Indymedia est une forme de médiactivisme, qui constitue la seconde thématique de la conférence. Nous encourageons des présentations qui reviennent sur des exemples de médiactivisme, utilisant des outils en et hors ligne. Les expériences d’activistes peuvent nourrir les discussions entre chercheurs pour aller plus loin que sur la séparation habituelle, mais pas forcément anti-dichotomique, entre médias expressivistes (ie participation citoyenne) et contre-hégémoniques (ie discours et formes opposés à ce qui est traditionnel). Nous encourageons chaleureusement les témoignages et présentations d’activistes sur des projets en cours ou futurs. En tant que forme particulière d’activisme, nous posons également la question concernant le scholactivisme (acactivisme), qui est la troisième thématique de la conférence. En tant que chercheur/académique, comment pouvons-nous nous impliquer dans une forme d’activisme ? Dans quelle mesure pouvons-nous collaborer avec les médias traditionnels et alternatifs ? Comment pouvons-nous exprimer notre solidarité par rapport aux mouvements sociaux progressistes et, plus important encore, s’inspirer d’eux et intégrer notre travail dans leurs campagnes ? Pouvons-nous prendre part à ce “contre-pouvoir” ? Nous demandons spécifiquement des expériences de terrain, qui proposent des nourrissant la approches novatrices au travail de recherche et qui remettent en question des pratiques les réflexions méthodologiques assumées. Le but de la conférence est de faire le lien entre médiactivisme et scholactivisme/acactivisme. Comment est-il possible de stimuler la coopération entre académiques/chercheurs et les acteurs de terrain des médias alternatifs ? Comment pouvons-nous justifier l’engagement sociétal des chercheurs/académiques et désactiver la croyance selon laquelle les chercheurs (et les journalistes professionnels) sont supposés avoir un point de vue “neutre” ?

 

Prenant comme exemples le Printemps Arabe, Occupy Wall Street ou les Indignés, les mouvements anti-TTIP/CETA, ou les plus récentes marches pour le climat, ainsi que l’influence qu’ont Facebook et Twitter sur ces mouvements, il semble que les médias sociaux soient au coeur des stratégies communicationnelles contre-hégémoniques contemporaines, ce qui peut être considéré comme un “activisme des médias sociaux”. Ceci constitue la quatrième thématique de la conférence. A cet égard, les médias sociaux ne sont pas toujours utilisés par les mêmes catégories d’activistes. Les trolls politiques d’extrême droite semblent avoir trouvé en ligne l’endroit idéal pour intimider les politiciens professionnels et pour configurer l’agenda politique vers plus d’intolérance et de haine. Est-ce que les médias sociaux nous aident réellement à organiser les mouvements sociaux et à efficacement changer les déséquilibres de pouvoir politique ? Est-ce que l’économie politique des médias sociaux est discutée et critiquée lors de leur utilisation ? Pour ces discussions cruciales, les acteurs de terrain des médias et les académiques peuvent échanger leurs expériences et leurs savoirs à propos des effets des médias sociaux, de leurs interfaces ainsi que de leur fonctionnement essentiellement basé sur des algorithmes, dans l’espoir de gagner en connaissance sur comment utiliser ou se distancer de ces services numériques.
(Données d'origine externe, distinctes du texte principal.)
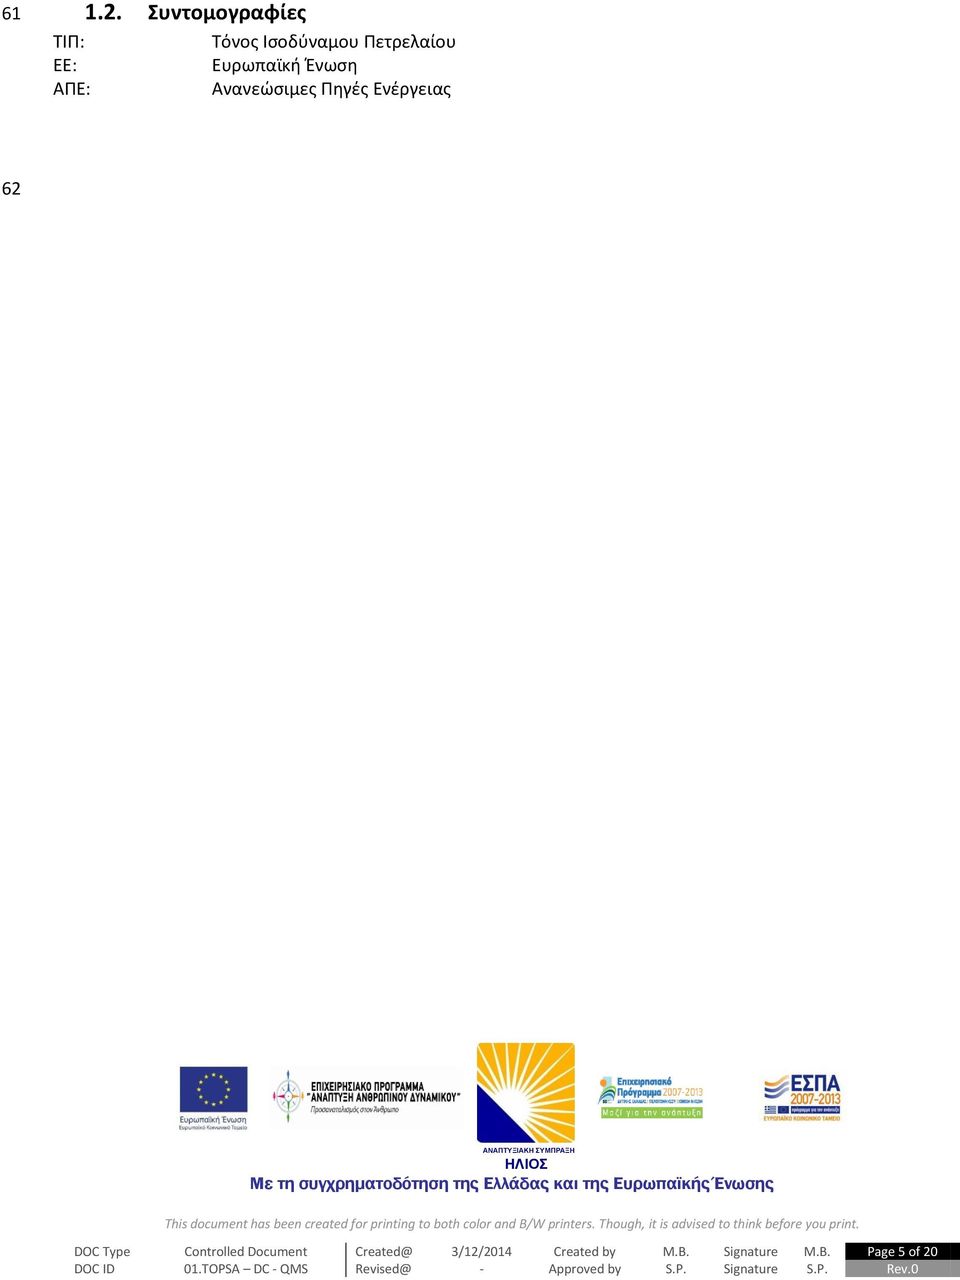 ΕΕ: Ευρωπαϊκή Ένωση ΑΠΕ: Ανανεώσιμες Πηγές

Enfin, la communication en ligne est au coeur des recherches des jeunes chercheurs et des discussions entre académiques. Y a-t-il encore une place pour l’activisme hors ligne et les médias hors ligne ? Comment est-il possible de développer un média alternatif sans les réseaux sociaux, internet ou les technologies digitales ? Est-ce que les discussions en face à face et les presque démodés flyers sont-ils encore utiles ? Des propositions sur cet aspect hors ligne du médiactivisme sont les bienvenues.